● Your assignment: Repeat the data word for word and skip the pictures.

● Information supplied:
"""
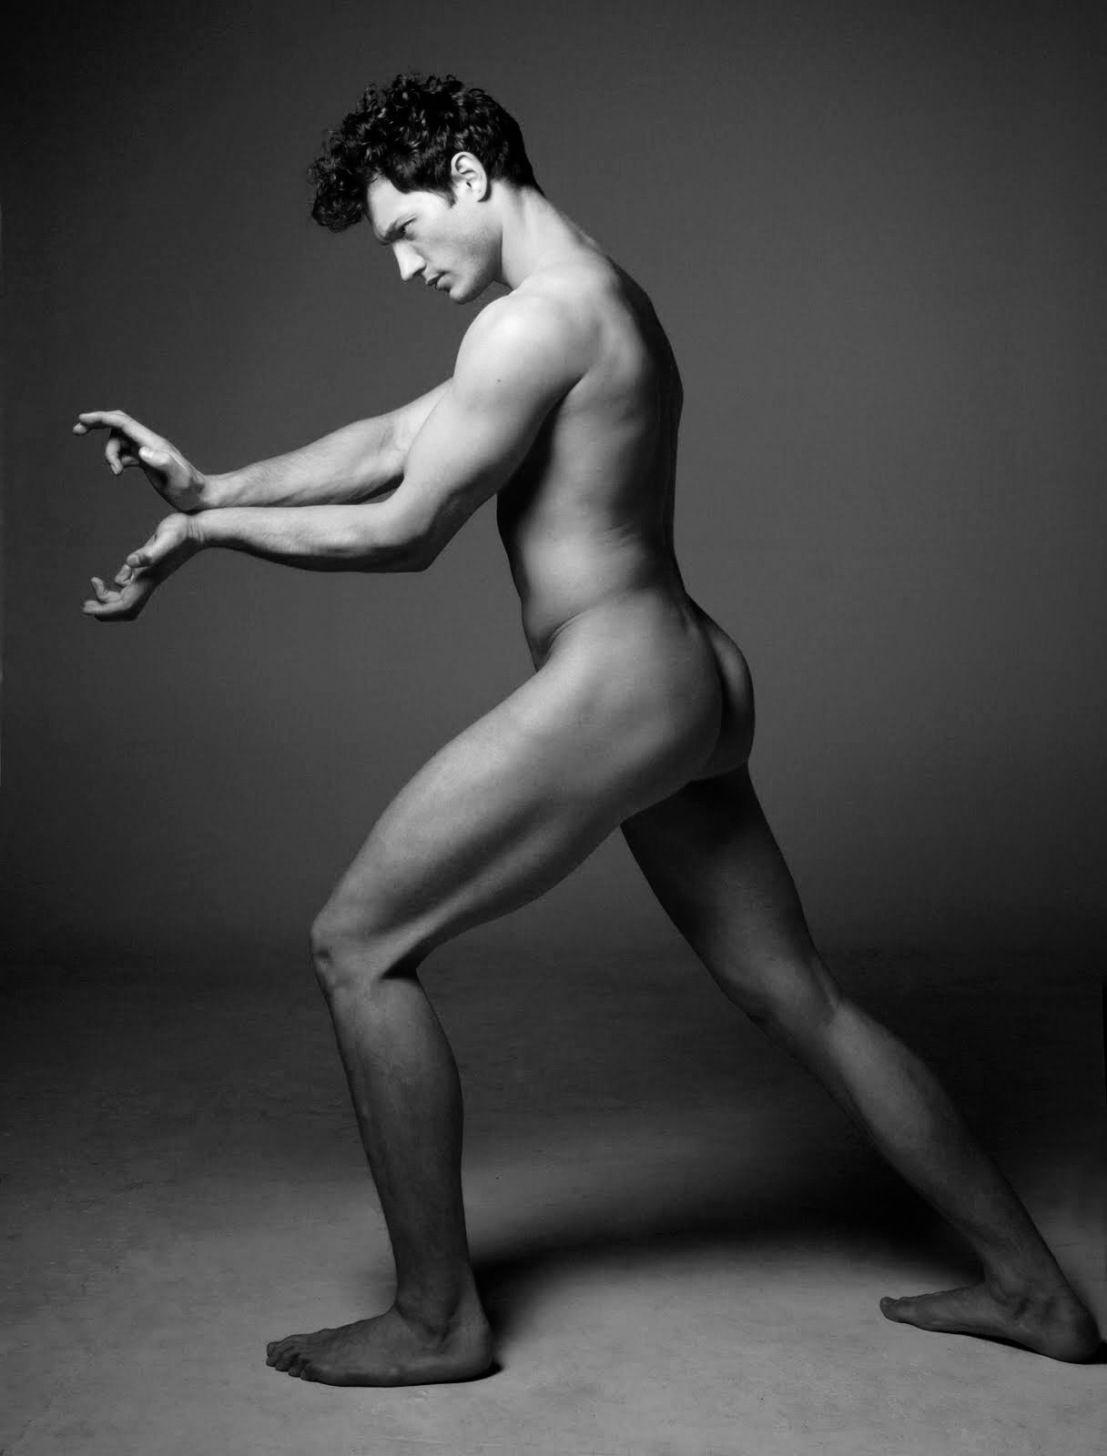 Nude girls in Estet MF pictures 19
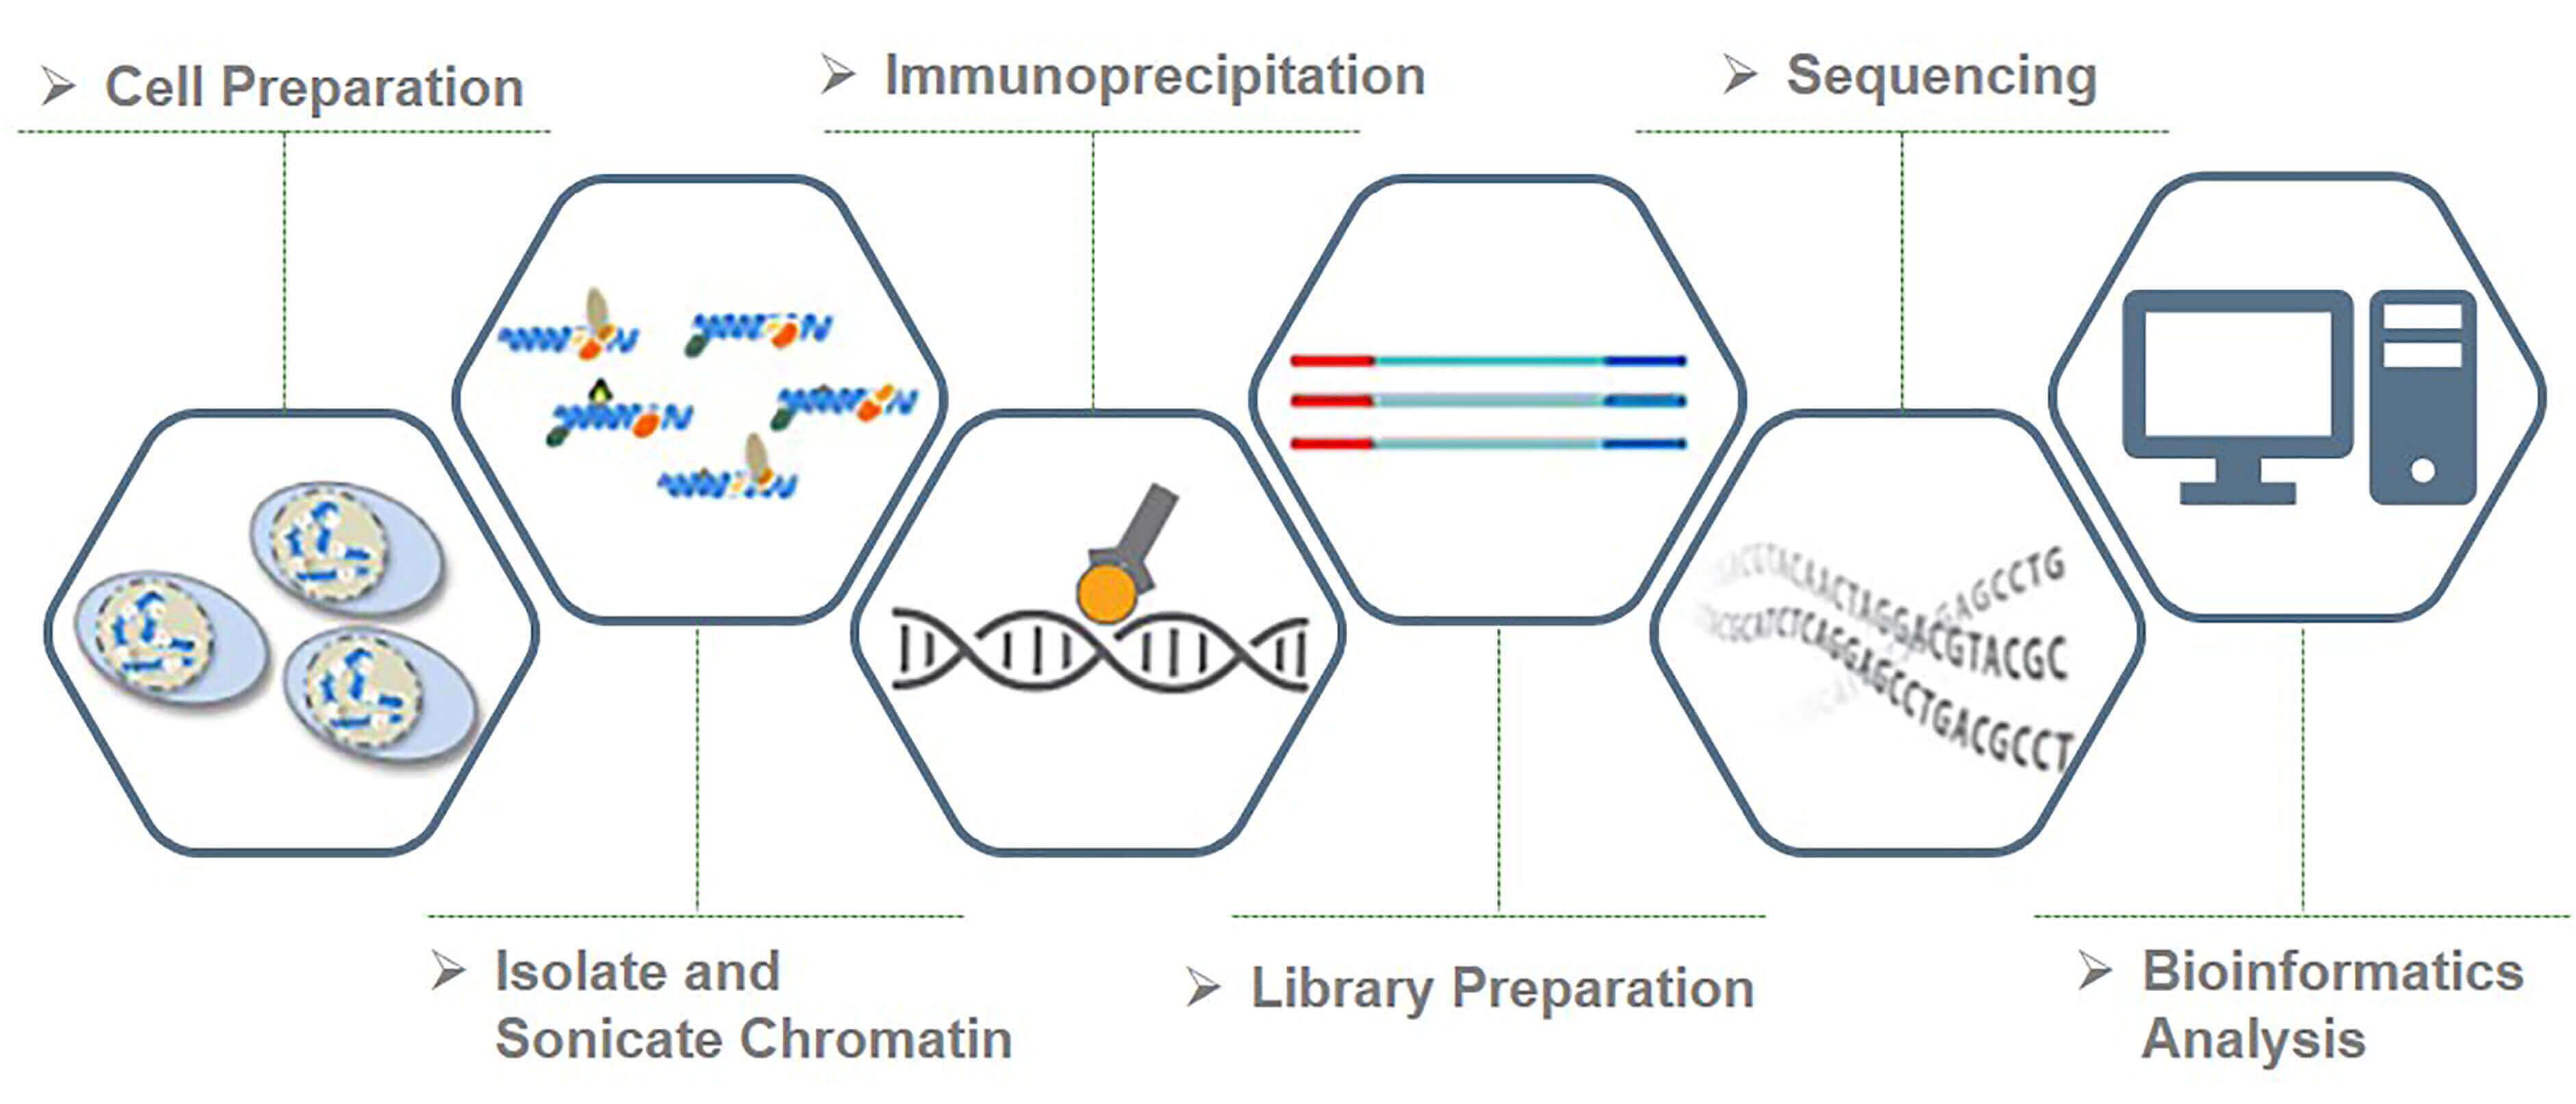 Workflow of histone ChIP-Seq service at Creative BioMart
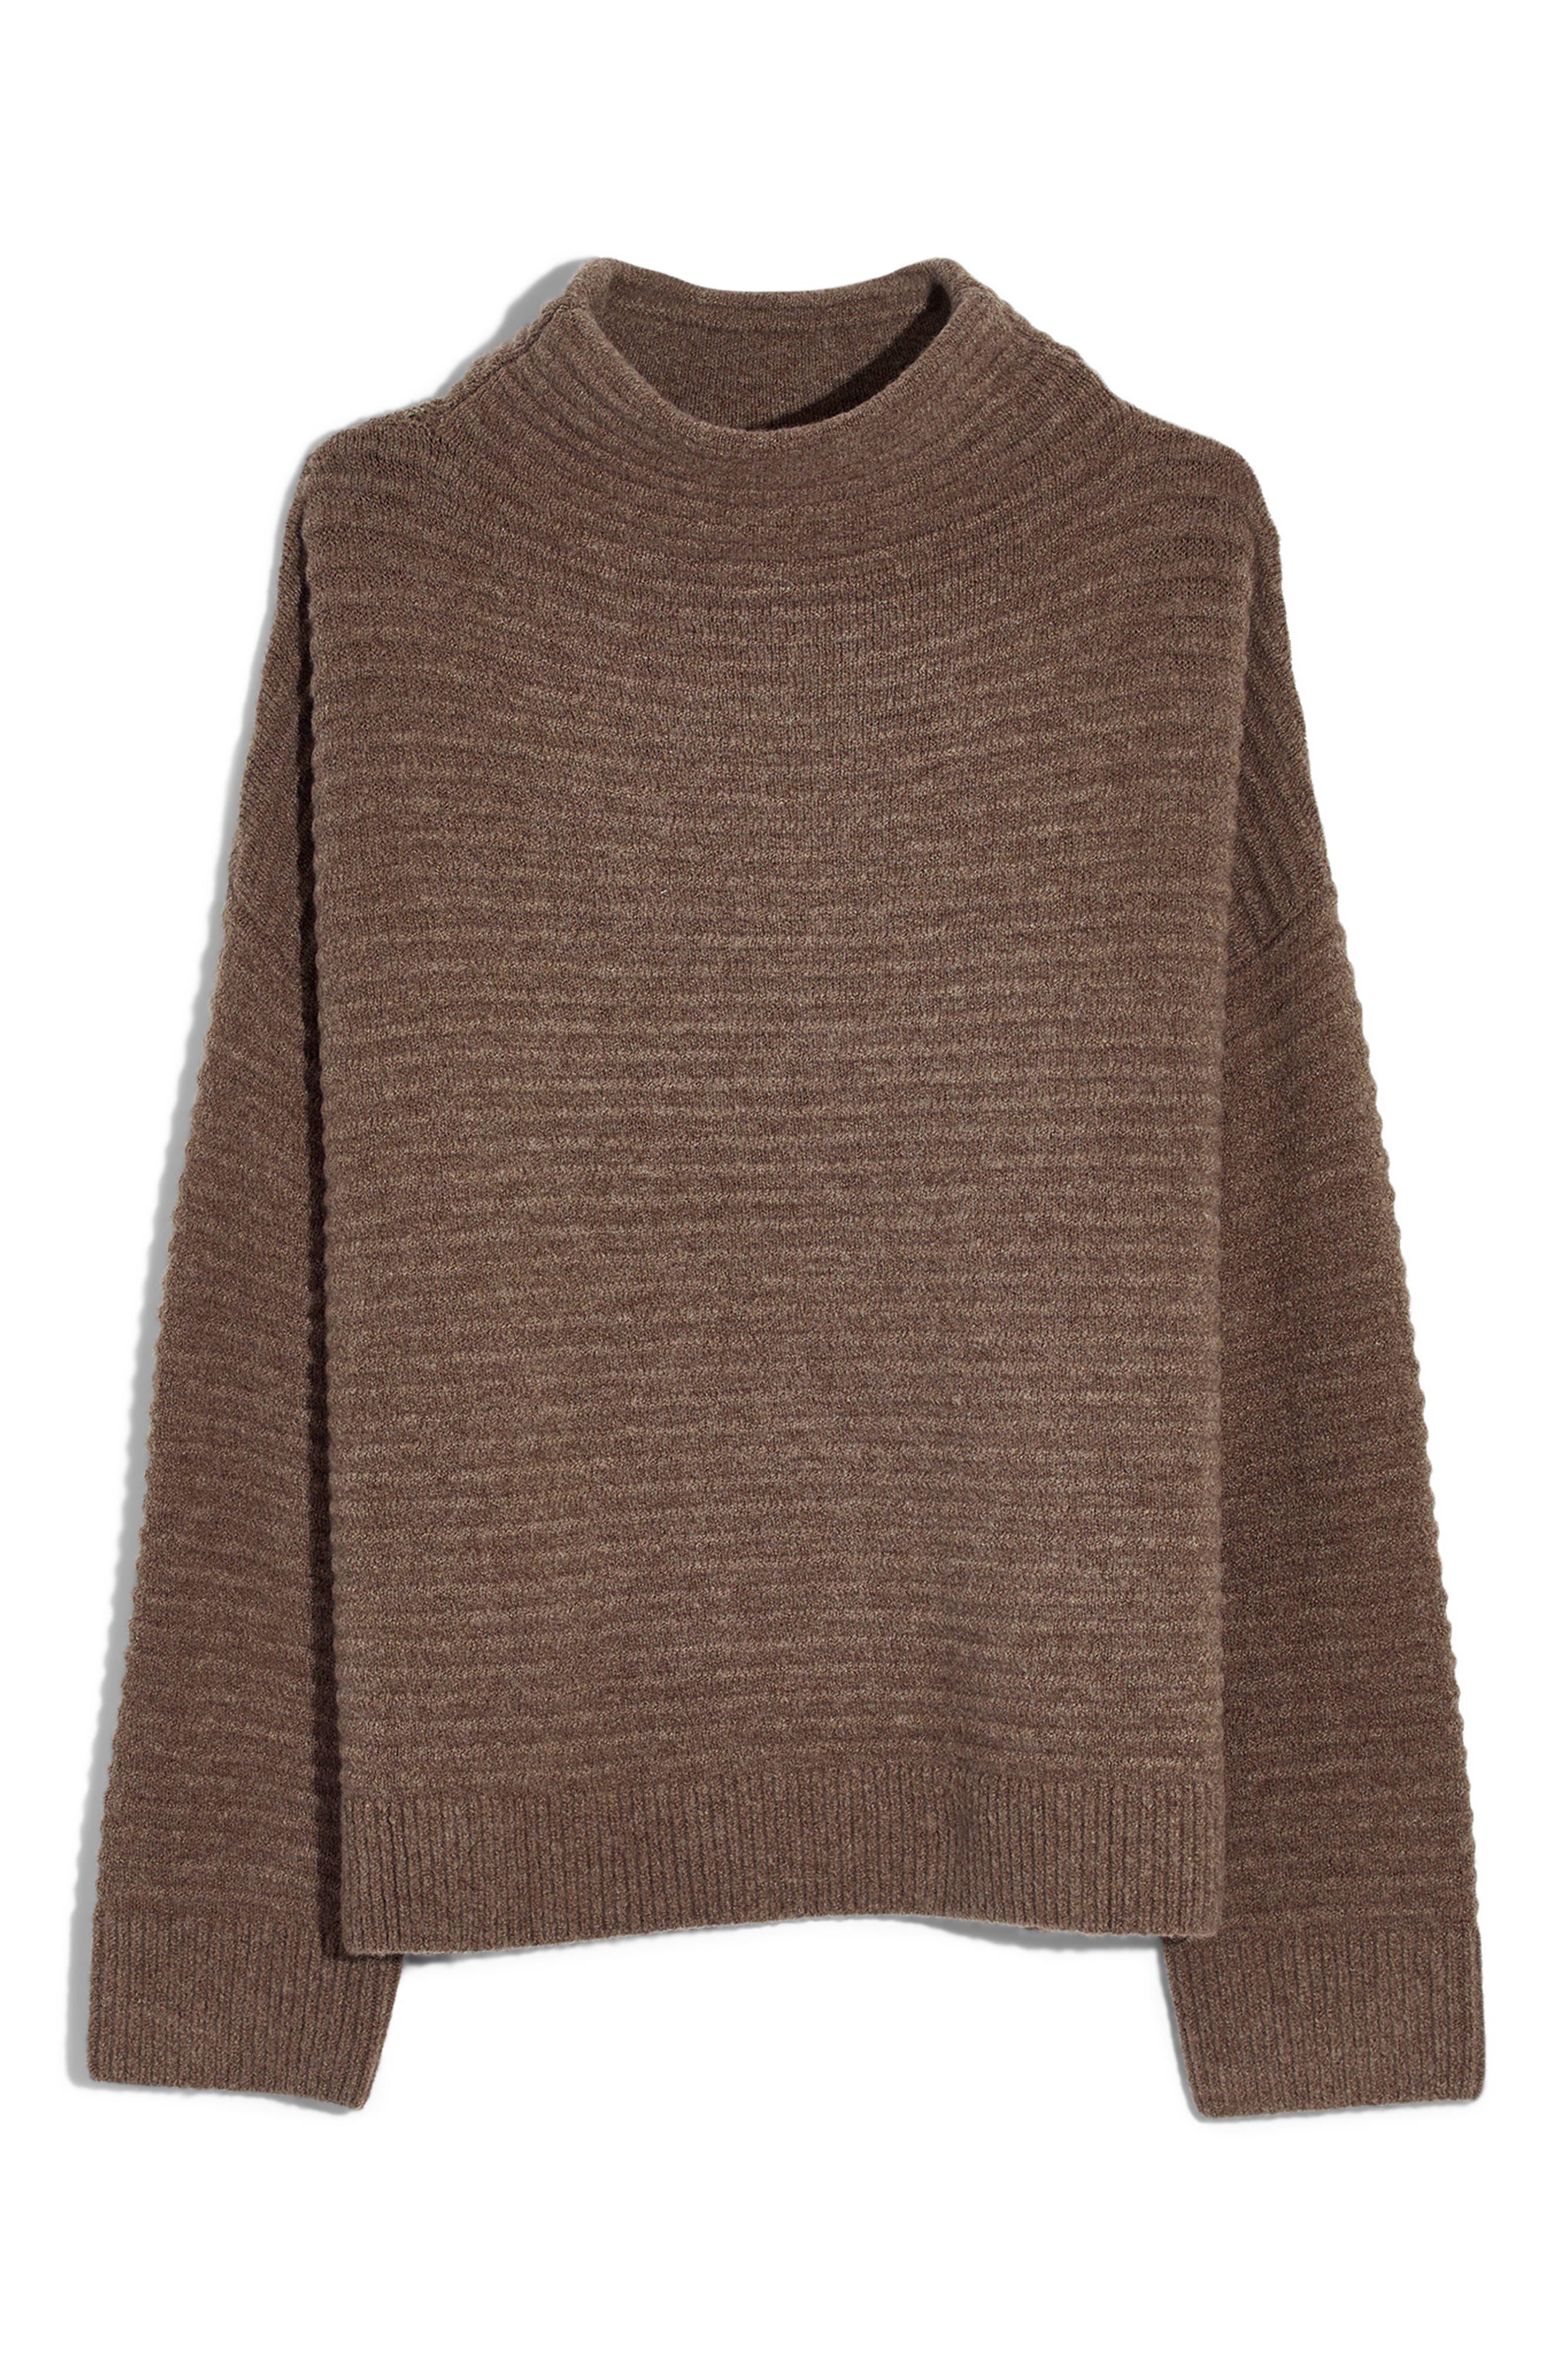 Belmont Mock Neck Sweater,                             Alternate thumbnail 5, color,                             HEATHER ROOT
"""
● Your response:
 Nude girls in Estet MF pictures 19
 Workflow of histone ChIP-Seq service at Creative BioMart
 Belmont Mock Neck Sweater,                             Alternate thumbnail 5, color,                             HEATHER ROOT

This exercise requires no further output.